TASK TO CARRY OUT |
Take the lines below from the one with "Illinois Salary Example" through the one with "Located on picturesque" and retype them exactly. Include nothing else, and no pictures.

SUPPLIED ENTRIES |
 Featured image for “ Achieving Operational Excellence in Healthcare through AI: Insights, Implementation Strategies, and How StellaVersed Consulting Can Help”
--
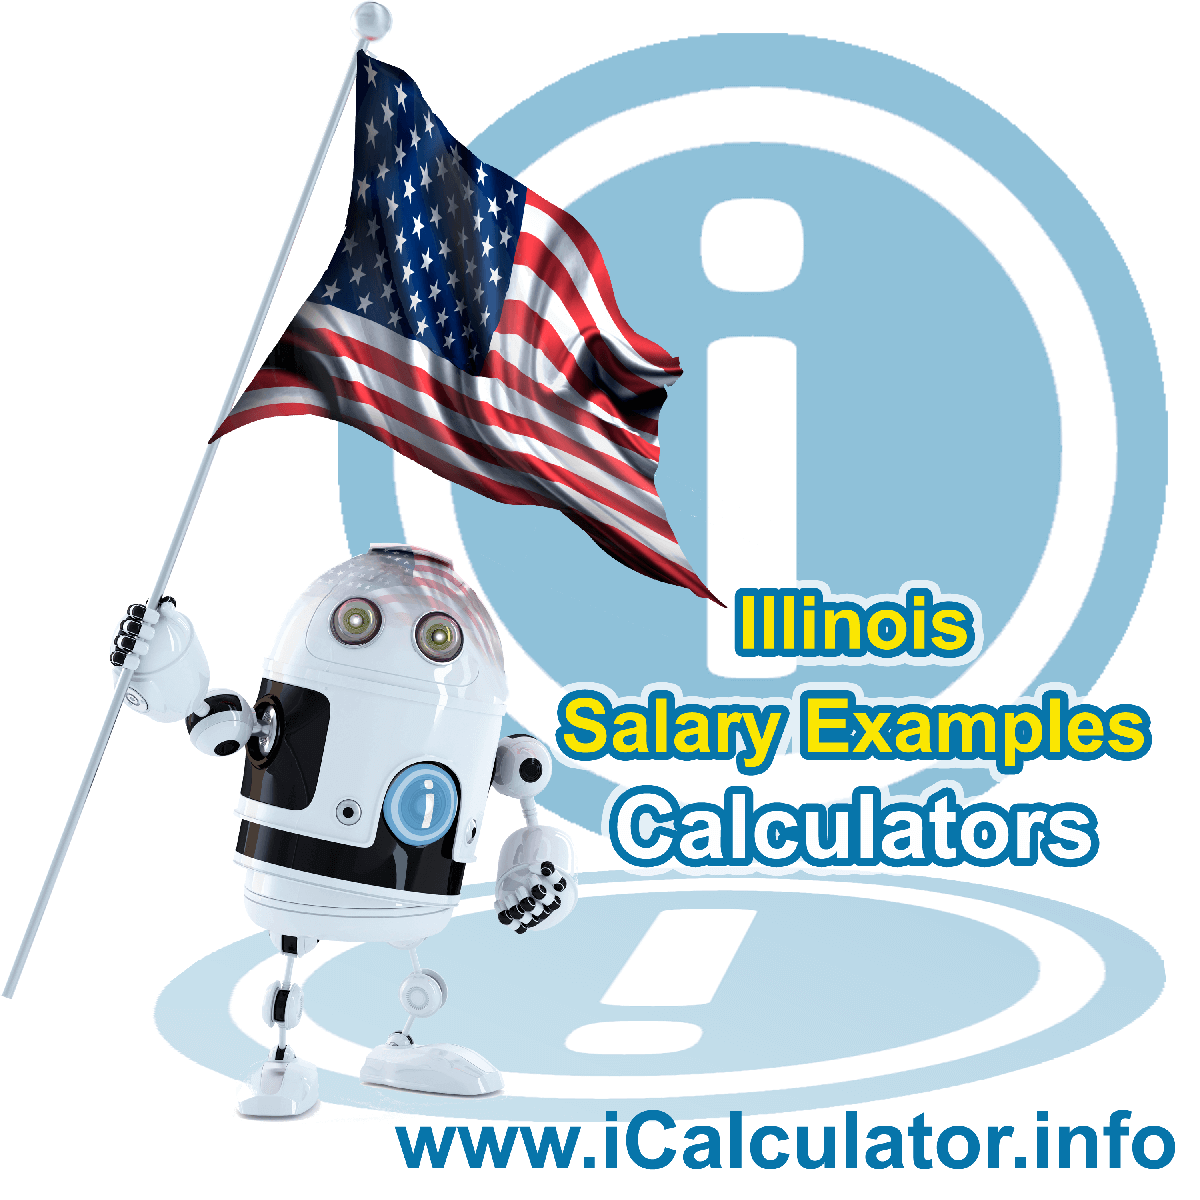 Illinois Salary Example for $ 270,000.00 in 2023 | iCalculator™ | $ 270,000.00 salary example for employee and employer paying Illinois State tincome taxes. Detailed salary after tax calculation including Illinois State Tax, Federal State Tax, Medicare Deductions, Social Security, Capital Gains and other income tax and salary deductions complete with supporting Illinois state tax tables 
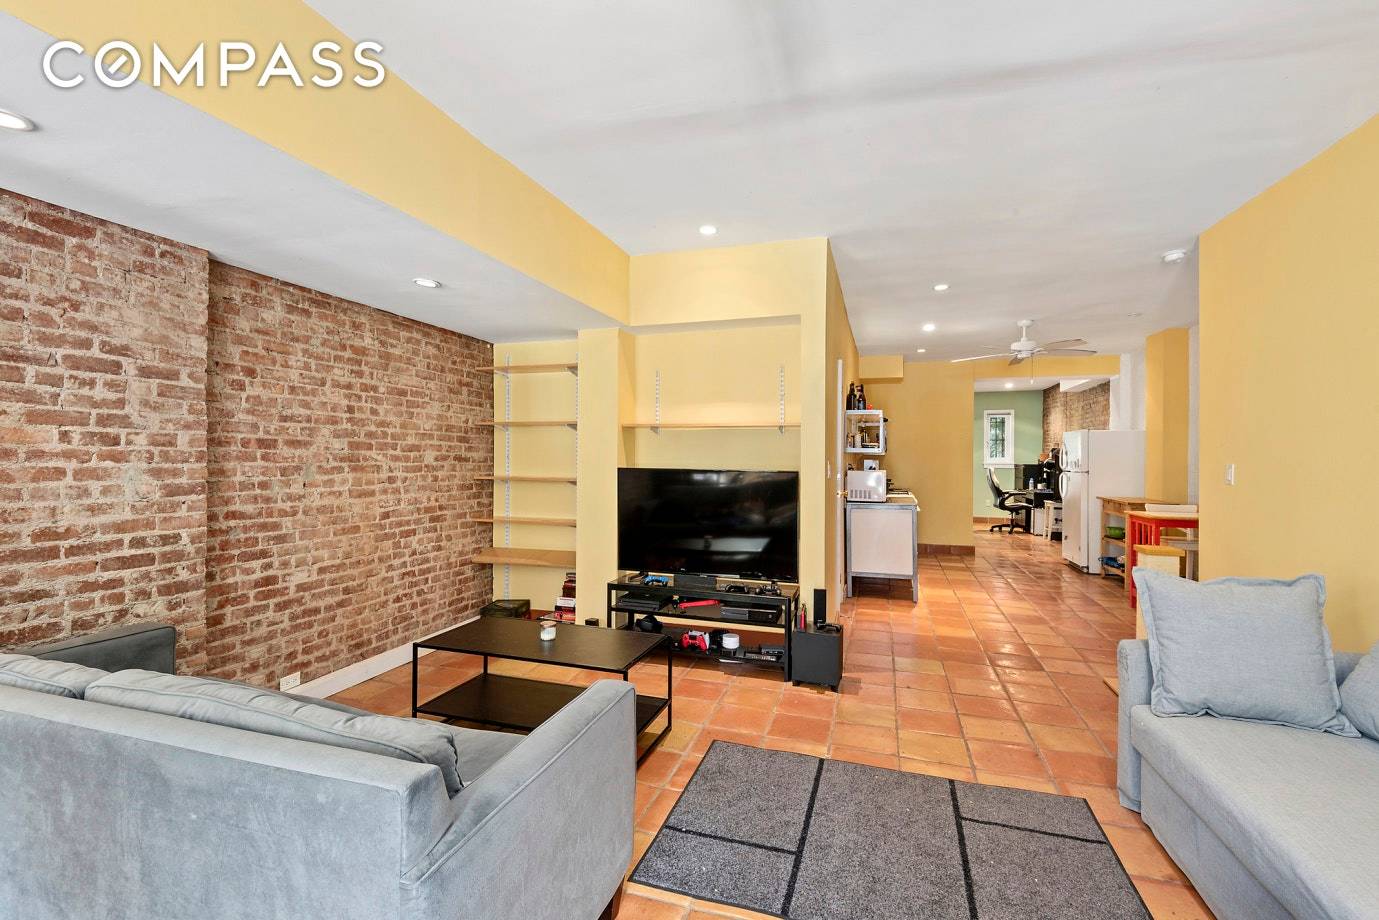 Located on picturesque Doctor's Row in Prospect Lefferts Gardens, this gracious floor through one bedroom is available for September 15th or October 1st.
---
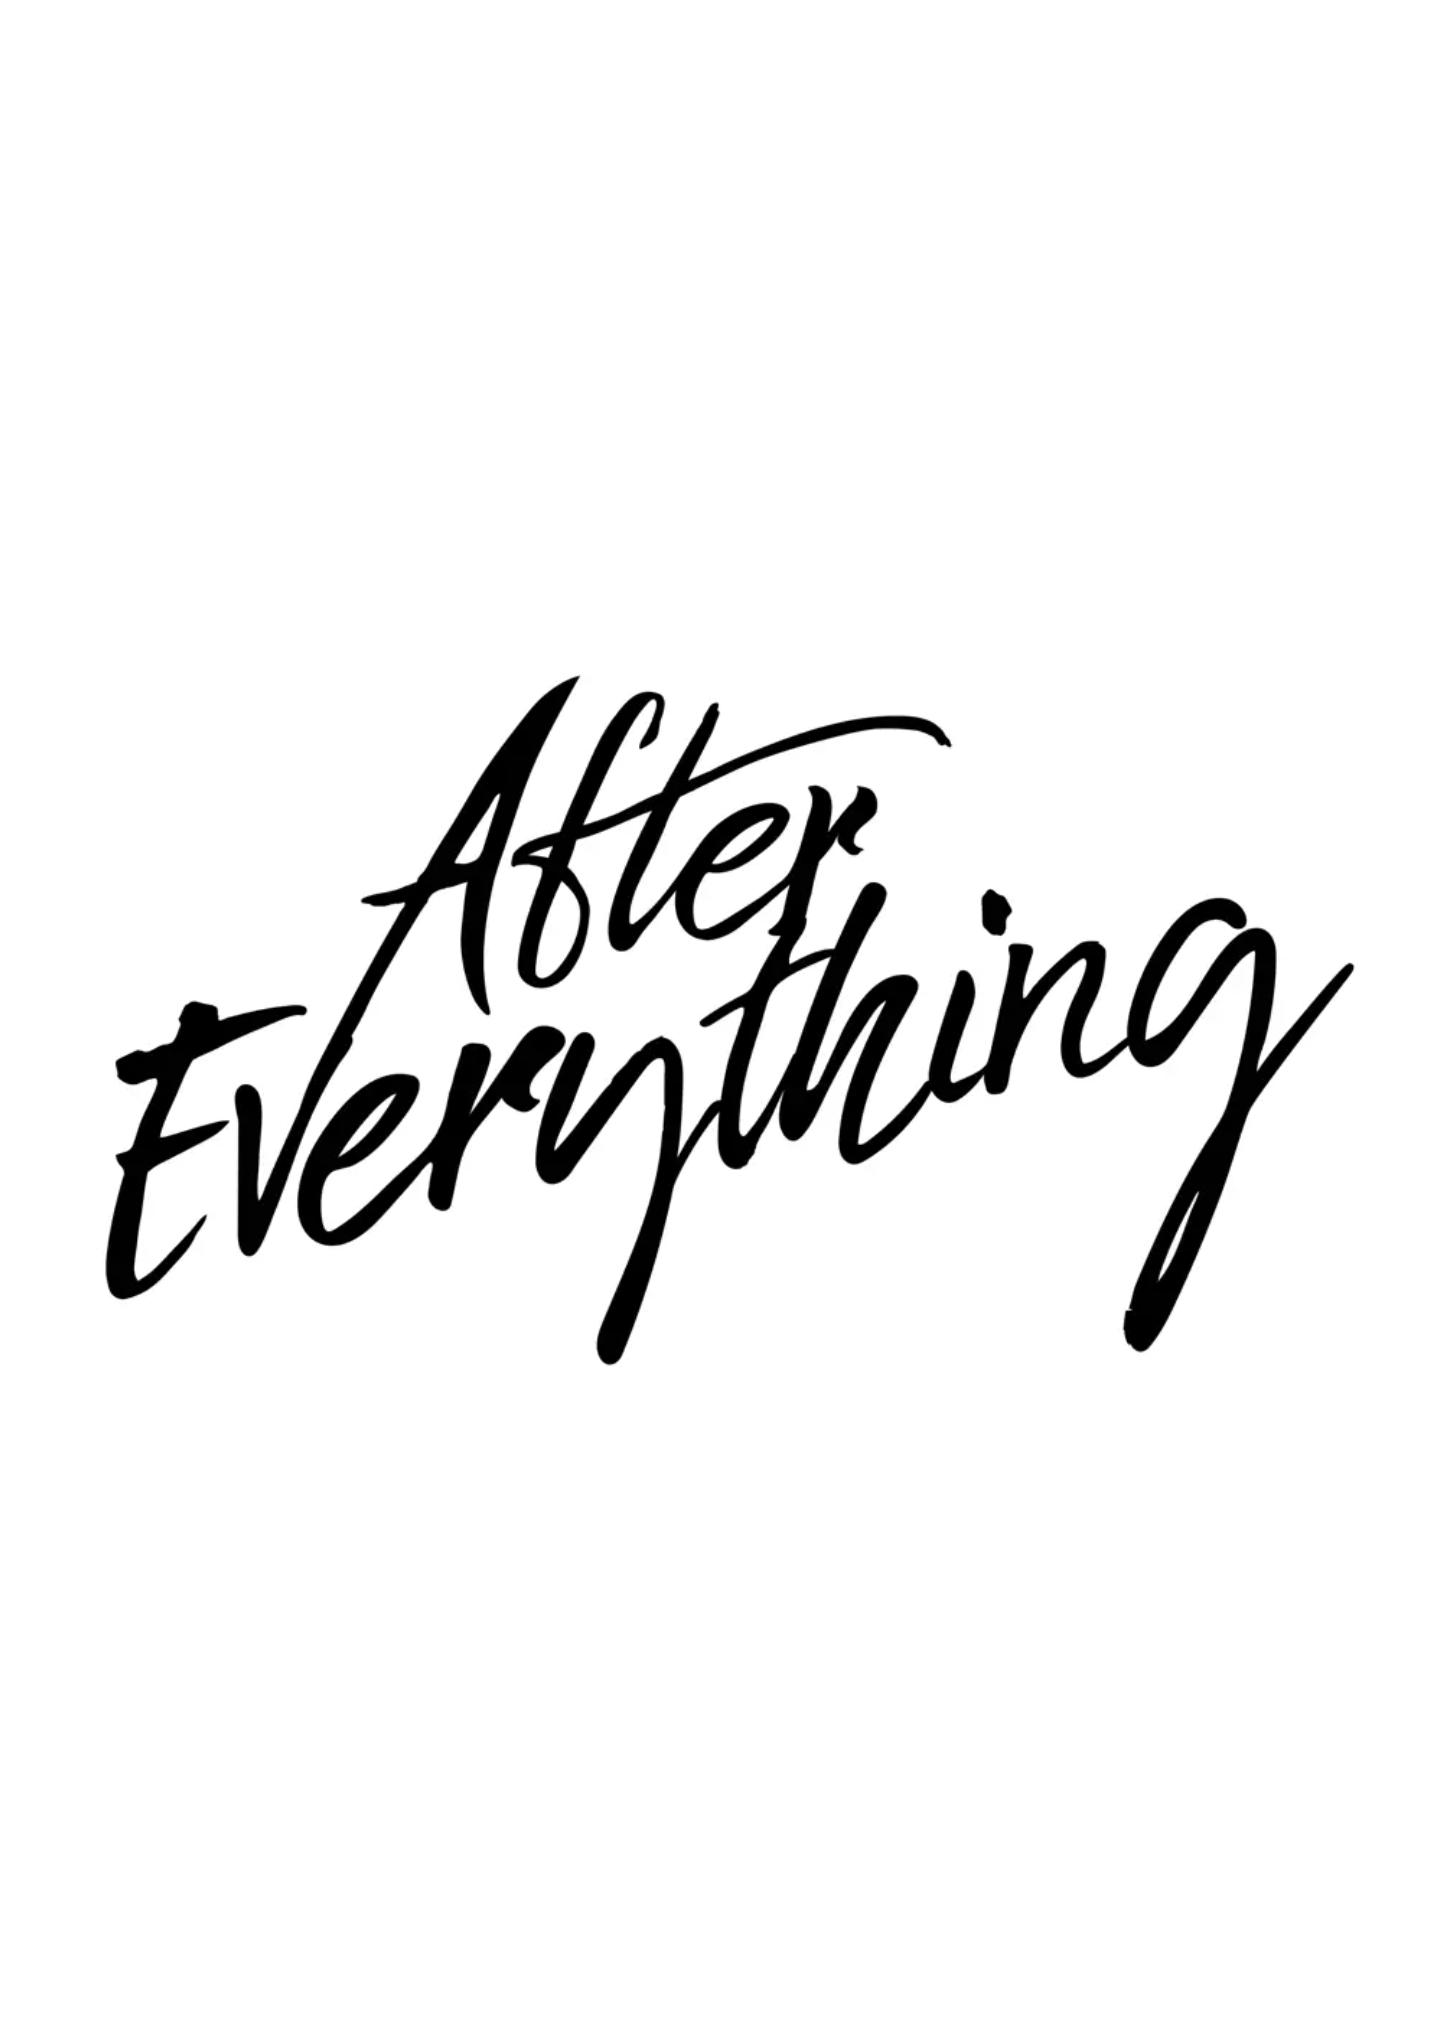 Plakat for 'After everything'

WRITTEN ANSWER |
 Illinois Salary Example for $ 270,000.00 in 2023 | iCalculator™ | $ 270,000.00 salary example for employee and employer paying Illinois State tincome taxes. Detailed salary after tax calculation including Illinois State Tax, Federal State Tax, Medicare Deductions, Social Security, Capital Gains and other income tax and salary deductions complete with supporting Illinois state tax tables 
 Located on picturesque Doctor's Row in Prospect Lefferts Gardens, this gracious floor through one bedroom is available for September 15th or October 1st.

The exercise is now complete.